In the entries below, find the line with "bord porselein vierkant wit 8x8cmbox 12" and the line with "Masina de spalat"; copy them and every line between them exactly, but not the pictures.

Segment Start: PROVIDED ENTRIES

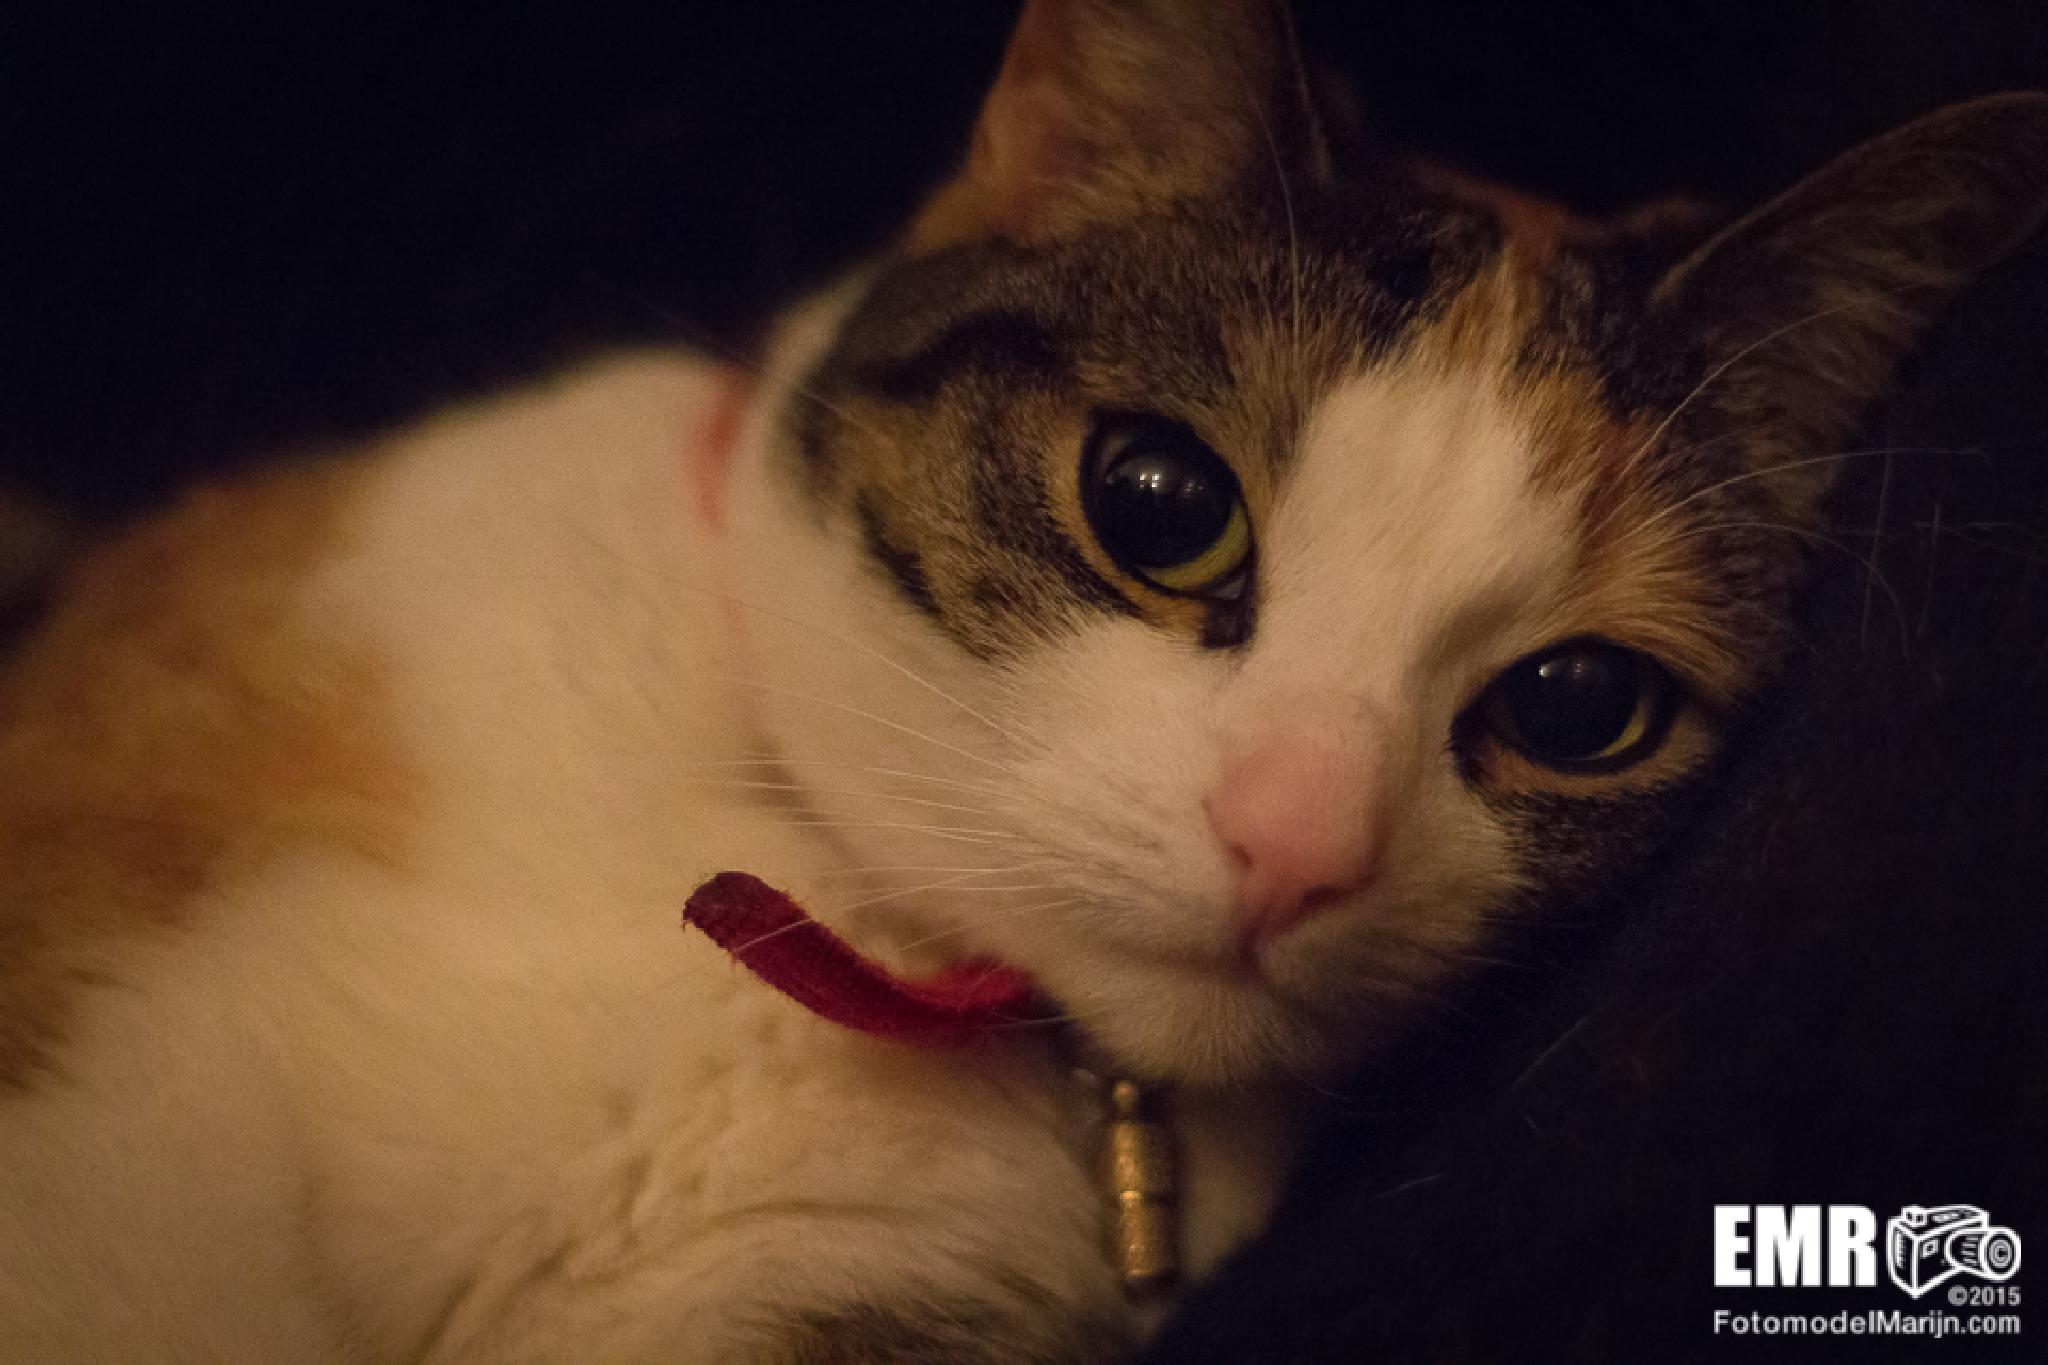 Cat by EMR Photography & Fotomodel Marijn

Segment End: PROVIDED ENTRIES
Segment Start: PROVIDED ENTRIES

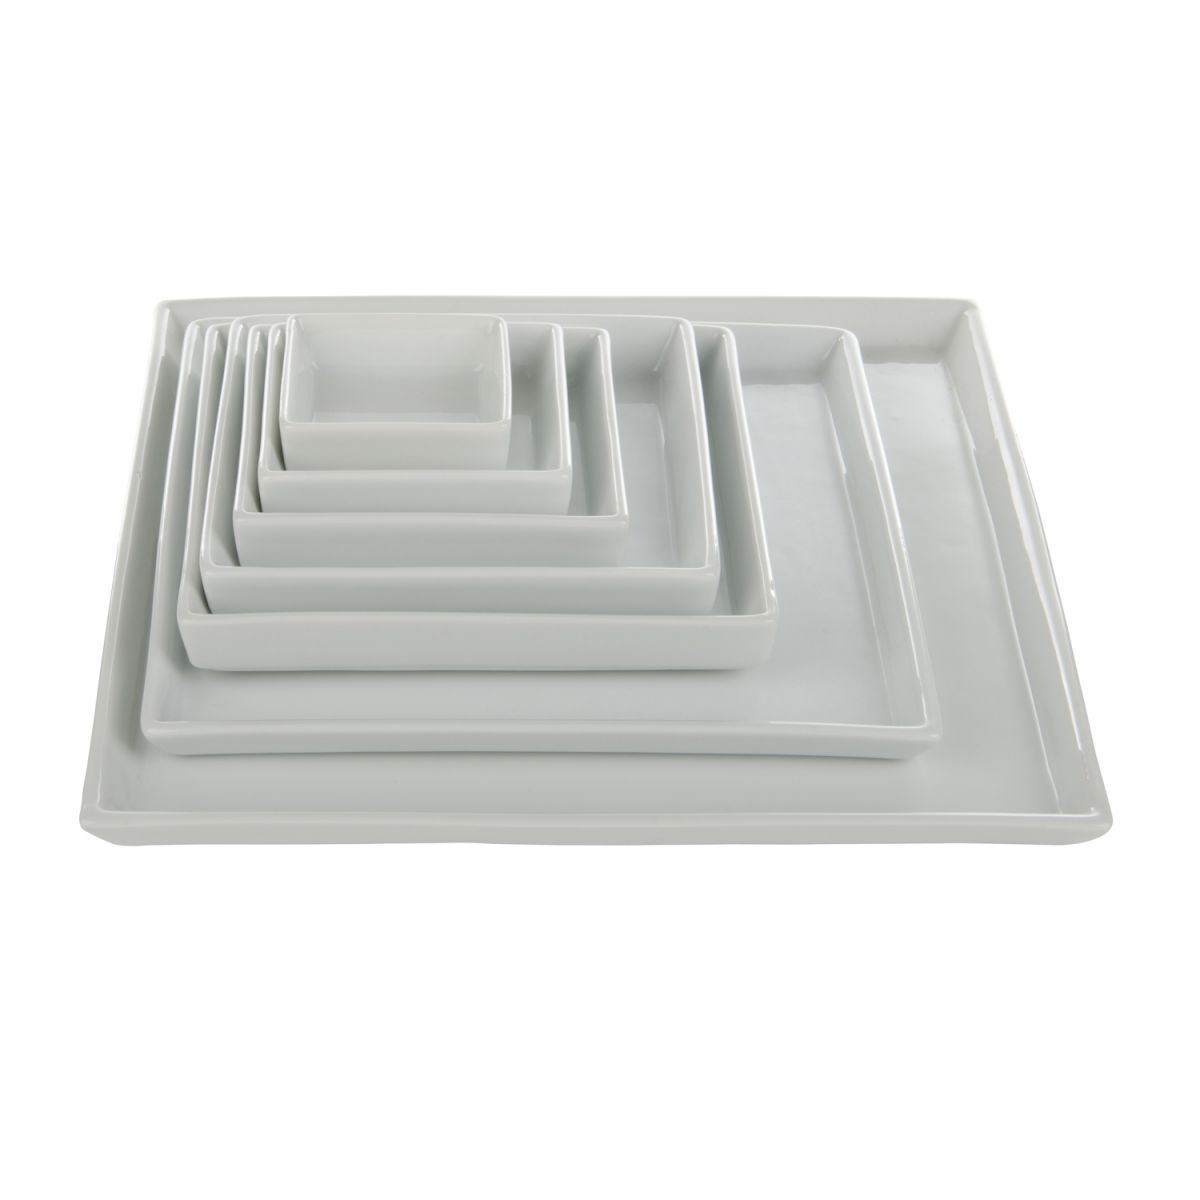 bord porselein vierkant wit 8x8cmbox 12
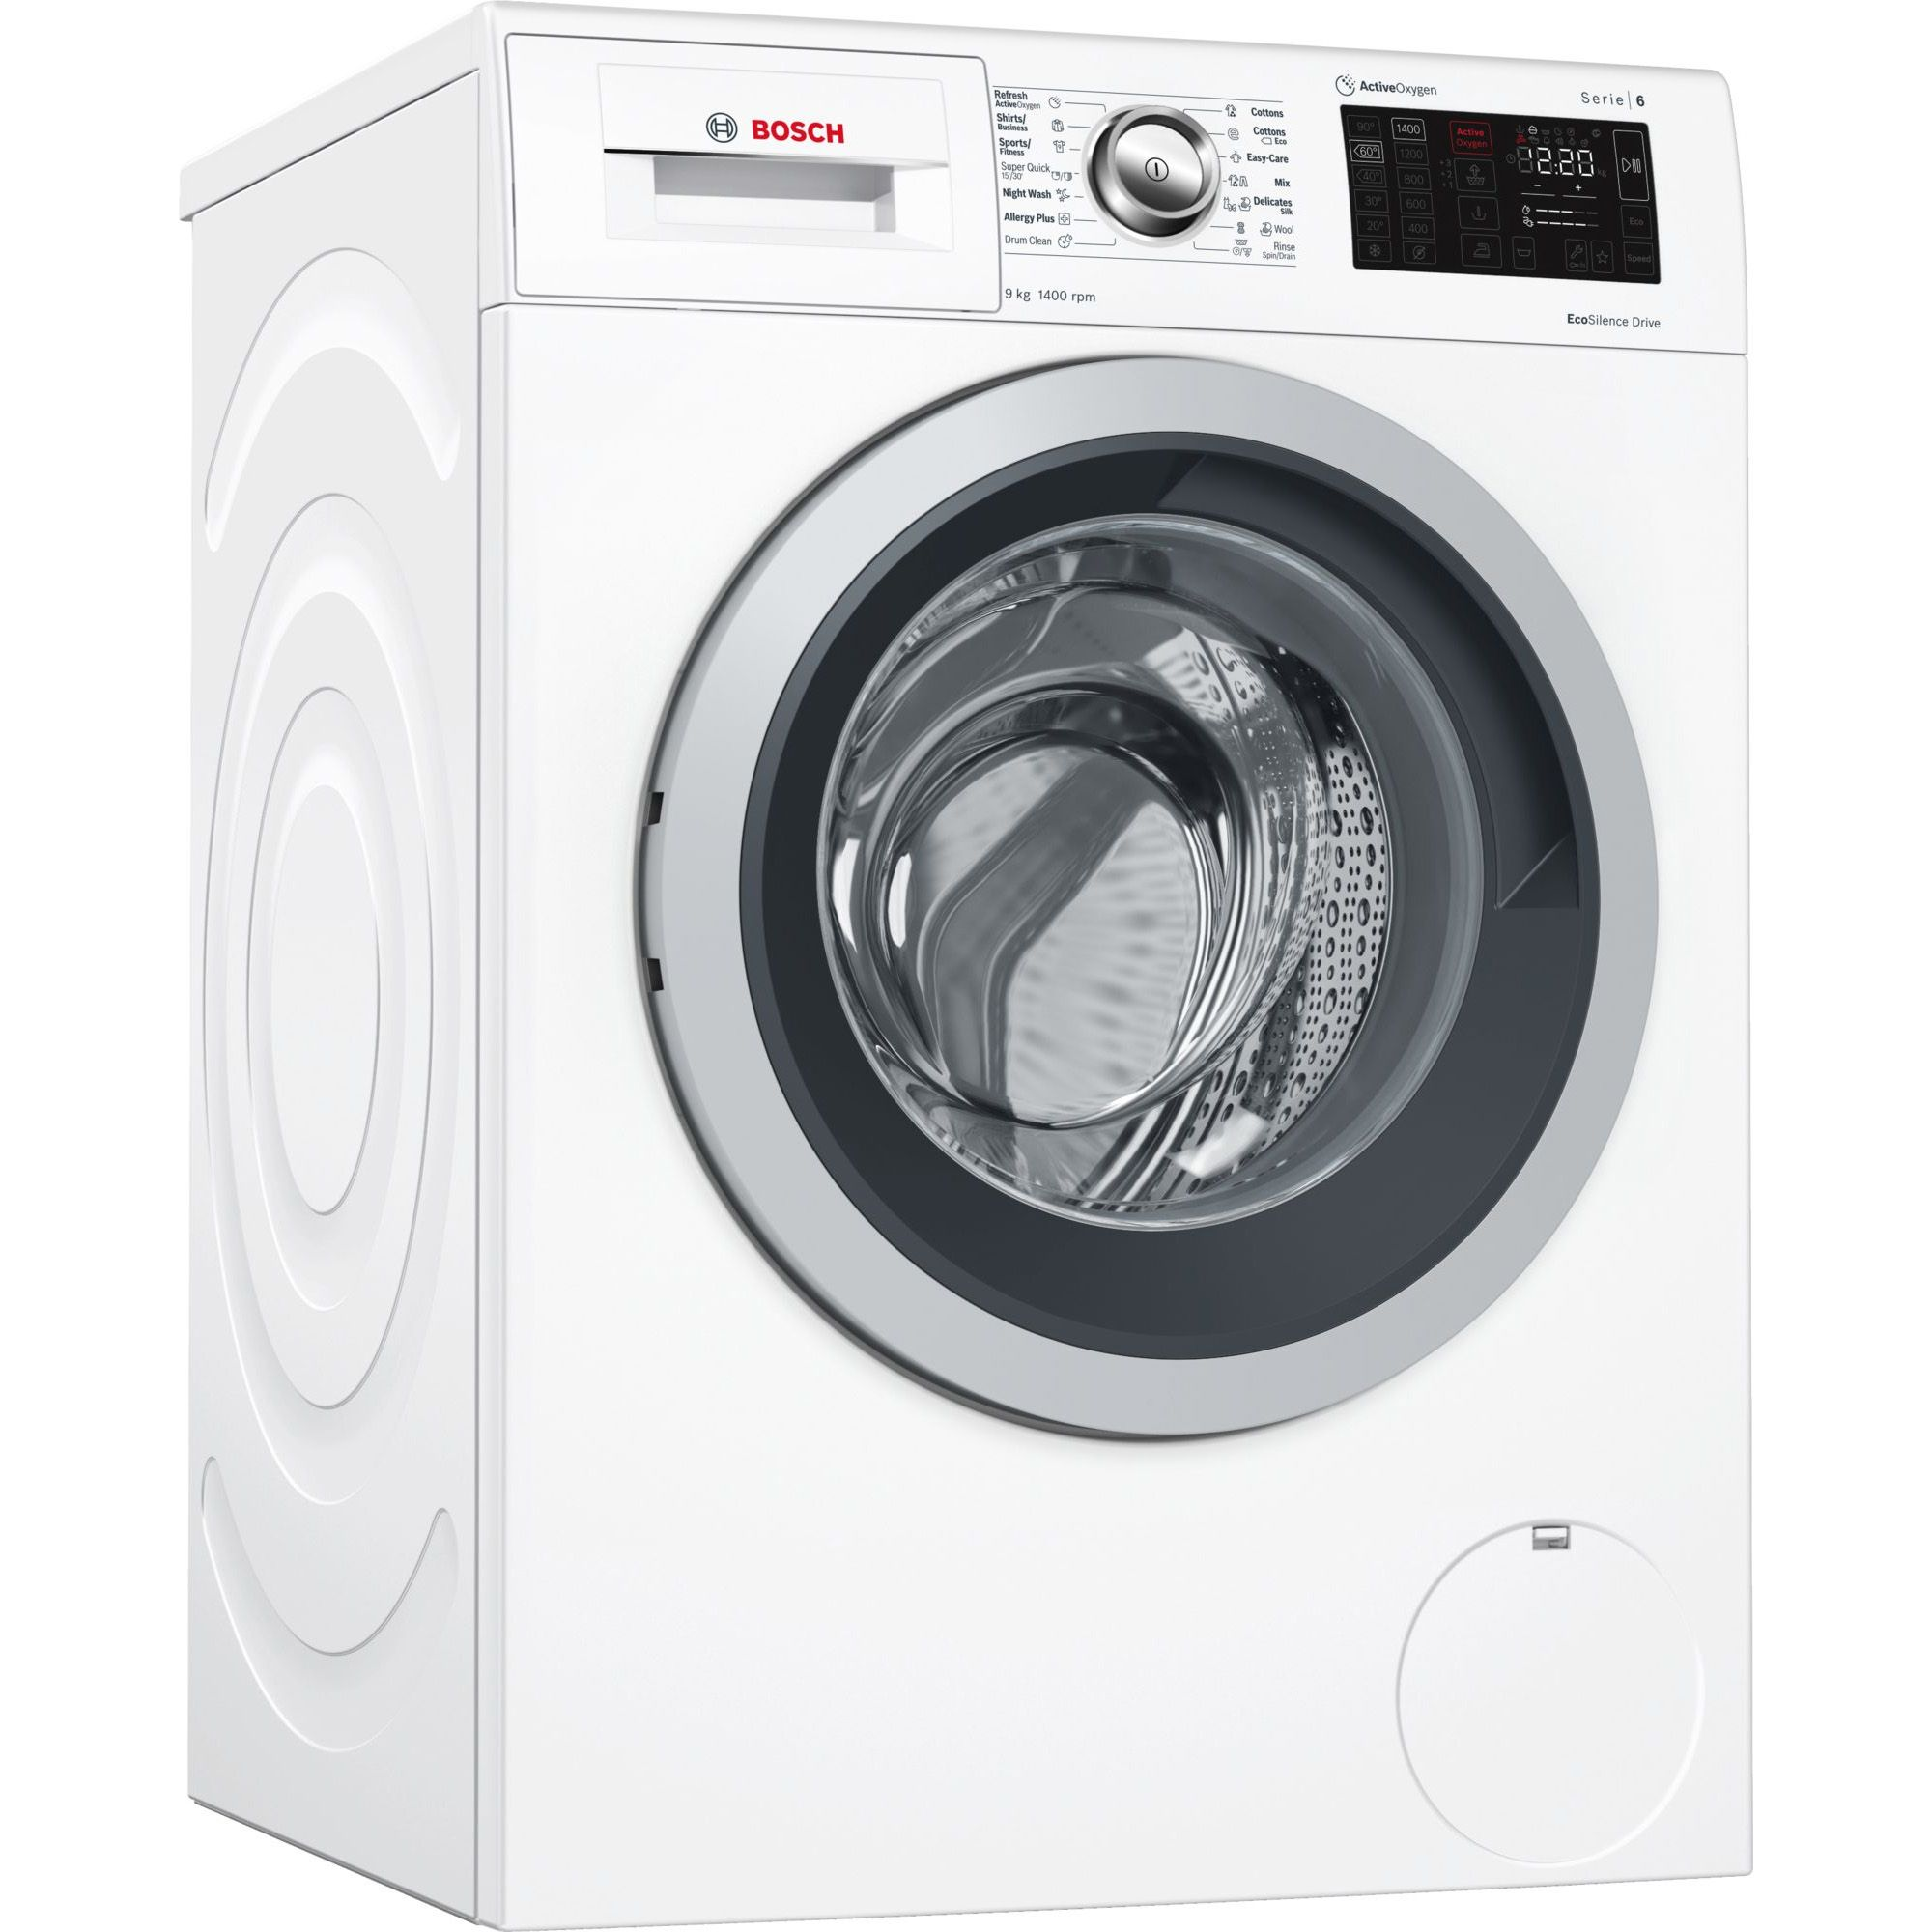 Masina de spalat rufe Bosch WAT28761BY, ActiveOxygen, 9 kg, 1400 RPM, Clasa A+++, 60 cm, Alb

Segment End: PROVIDED ENTRIES

→ EXERCISE OUTPUT
 bord porselein vierkant wit 8x8cmbox 12
 Masina de spalat rufe Bosch WAT28761BY, ActiveOxygen, 9 kg, 1400 RPM, Clasa A+++, 60 cm, Alb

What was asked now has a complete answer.